Researchers find how precise radiation treatment helps treat lung cancer


AustinFor patients with locally advanced, unresectable non-small cell lung cancer (NSCLC), the standard use of more precise intensity-modulated radiation therapy (IMRT) is recommended compared with the alternative 3D-conformal radiation therapy (3D-CRT).

This conclusion is based on the findings of a recent study conducted by researchers at the University of Texas MD Anderson Cancer Center.

The research, recently published in JAMA Oncology, showed that IMRT has comparable survival rates and fewer side effects.

A prospective secondary analysis of long-term outcomes of 483 patients in the phase III NRG Oncology-RTOG 0617 randomized trial showed that patients treated with 3D-CRT were significantly more likely to experience severe pneumonitis — inflammation of the lungs — than patients treated with IMRT, at 8.2 percent and 3.5 percent, respectively.

According to lead author Stephen Chun, M.D., associate professor of radiation oncology, this study will bring final conclusion to the long-standing debate over the optimal radiation technique for locally advanced NSCLC.

“3D-CRT is a rudimentary technology that has been used for more than 50 years. Our findings suggest that it is time to routinely adopt IMRT over 3D-CRT for lung cancer, just as we did decades ago for prostate, rectal and brain tumors,” Chun said. “The improved accuracy of IMRT translates into real benefits for patients with locally advanced lung cancer.”

3D-CRT targets and shapes radiation in straight lines directed at the tumor, but lacks the ability to bend and twist into complex shapes, resulting in unnecessary radiation exposure to nearby organs. IMRT, developed in the 1990s, uses advanced computational methods to dynamically modulate multiple radiation beams to mold radiation according to the shape of the tumor. While this can deliver radiation more precisely and spare normal tissue, bringing radiation from multiple directions can also create a larger area exposed to low-dose radiation less than 5 Grays (Gy), known as a low-dose radiation bath.

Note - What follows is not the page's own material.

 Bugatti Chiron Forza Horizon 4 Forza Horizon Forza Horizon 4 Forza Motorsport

The unknown, long-term effects on the lungs of this low-dose bath have fueled historical debate over IMRT and 3D-CRT in lung cancer, despite significant evidence of other benefits of IMRT. In this study, researchers showed that the low-dose radiation bath had no association with additional secondary cancers, long-term toxicity, or survival with long-term follow-up.

Patients had a numerically better but statistically similar five-year overall survival rate for IMRT (30.8 percent) compared with 3D-CRT (26.6 percent), as well as a progression-free survival rate (16.5 percent vs. 14.6 percent). Overall, these results favored IMRT, even though patients in the IMRT arm had significantly larger tumors and more tumors in unfavorable locations near the heart.

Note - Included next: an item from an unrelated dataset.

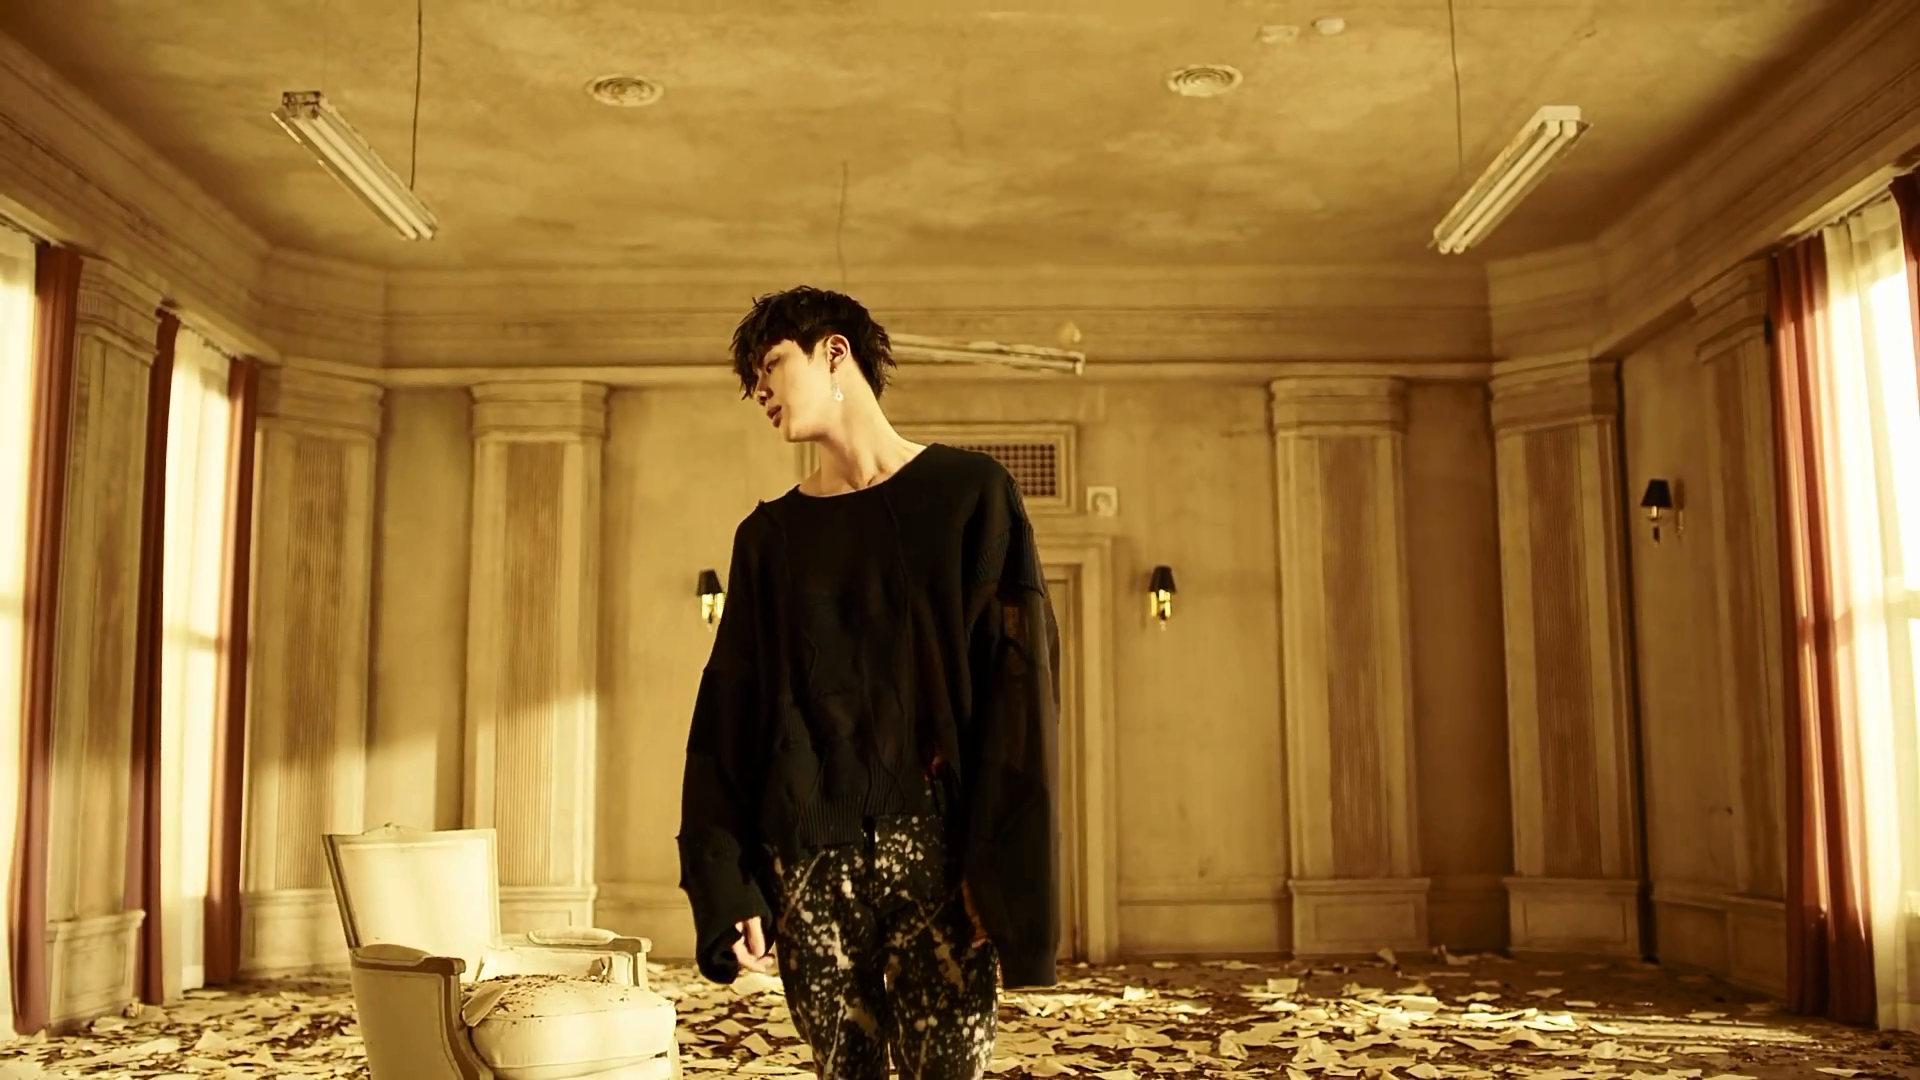 Vixx Wallpaper Hd Bts Fake Love Who S Who K Pop Database Dbkpop Com

These findings also highlight the importance of using IMRT to reduce the cardiac risk of doses of 20 to 60 Gy. Historical concern has focused primarily on lung risk, but this study demonstrated that the volume of the heart exposed to 40 Gy independently predicted survival in multivariate analysis. Specifically, patients whose heart was exposed to less than 20 percent of 40 Gy had a median survival of 2.4 years, whereas patients whose heart was exposed to more than 20 percent of 40 Gy had a median survival of 1.7 years.

According to Chun, these data validate efforts to limit the volume the heart receives to 40 Gy, and to aim for less than 20% as a new radiation planning objective.

“With substantial numbers of patients achieving long-term survival for locally advanced lung cancer, cardiovascular risk is no longer a consideration,” Chun said. “It is time for us to focus on maximizing radiation precision and conformity to minimize cardiopulmonary risk and abandon historical concerns over low-dose baths.”